Andrew and I waiting outside of a "fast car" on our way from Wa back to the Eastern region for our AIDS training. This is at the "lori station", which is the main hub in a city where you go to find a taxi, tro-tro, fast car (basically a more comfortable and reliable tro, seats 14 people) and buses of varying degrees of quality :) You can also buy lots of food off of people's heads at these stations (as well as anywhere in Ghana, for that matter). Andrew is wearing a smock, which is a typical male Ghanian shirt, handwoven, and somewhat pricy, but can be embroidered specifically with beautiful designs. We all called him Jesus for the week when he would wear his crazy hair down :)












My peeps at one of the older mosques in Wa - isn't that so cool! There are a lot that are very run down, but many old ones look like this, built out of mud bricks and are still used!

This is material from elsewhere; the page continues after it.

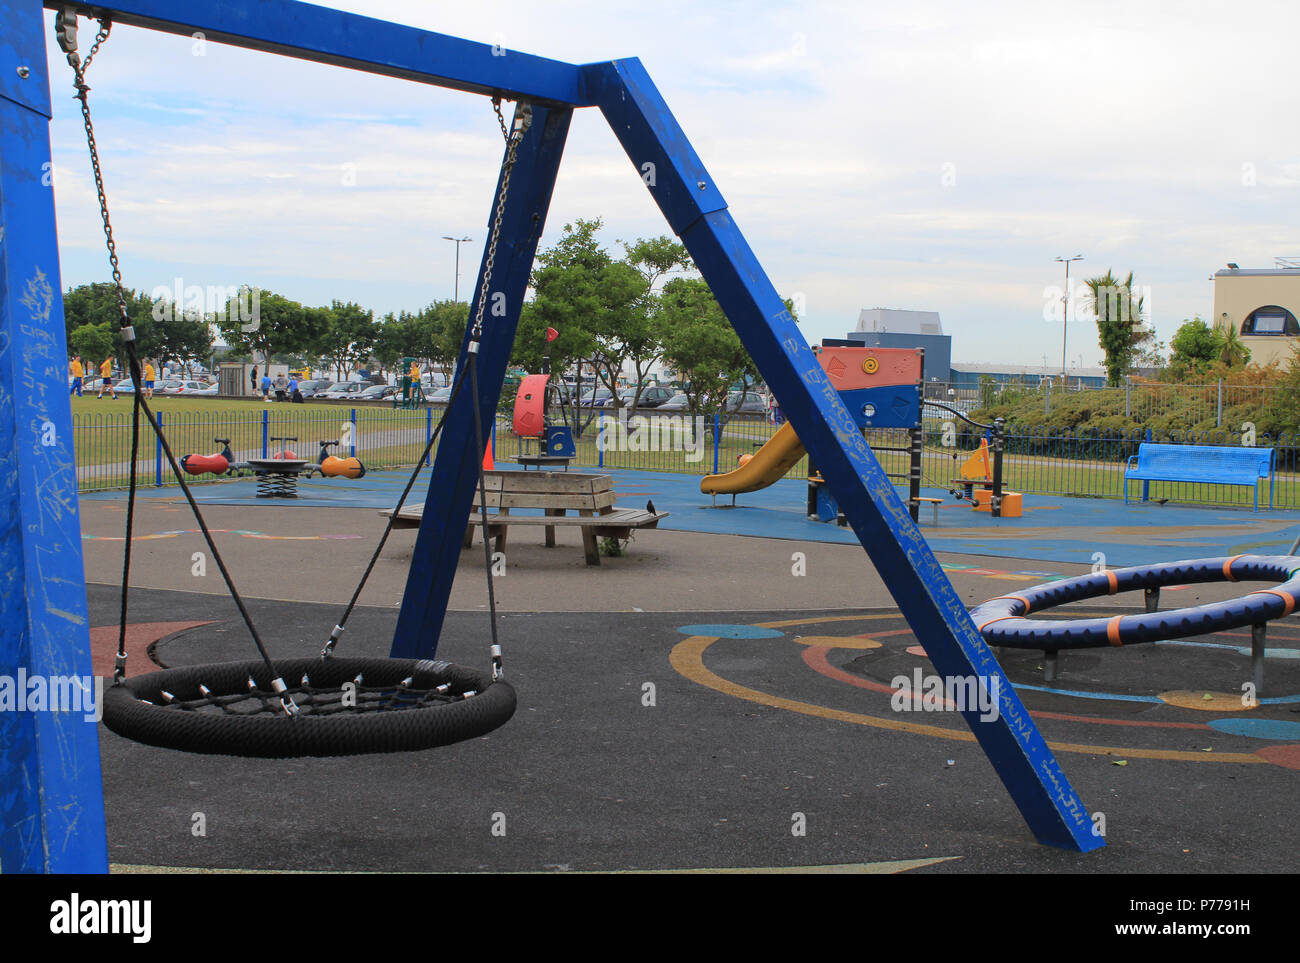 Dublino, Irlanda 26/6/2018. Parco giochi per bambini con altalene.slides etc momentaneamente vuota a Howth. Foto Stock

Largest mosque in Wa - very beautiful! The inside space is very open, where there are no benches, just many many prayer mats. The call to prayer happens five times a day, which I respect, but don't necessarily appreciate at 3:30am... :)















Andrew (volunteer in my group) and Austin (two-year, extending volunteer) in Takpo (Austin's village 45 mins outside of Wa) drinking Pito (the local drink in the Upper West that people of all ages drink, fermented millet that is kinda sweet, kinda the thickness of beer, carbonated, pretty good but an aquired taste).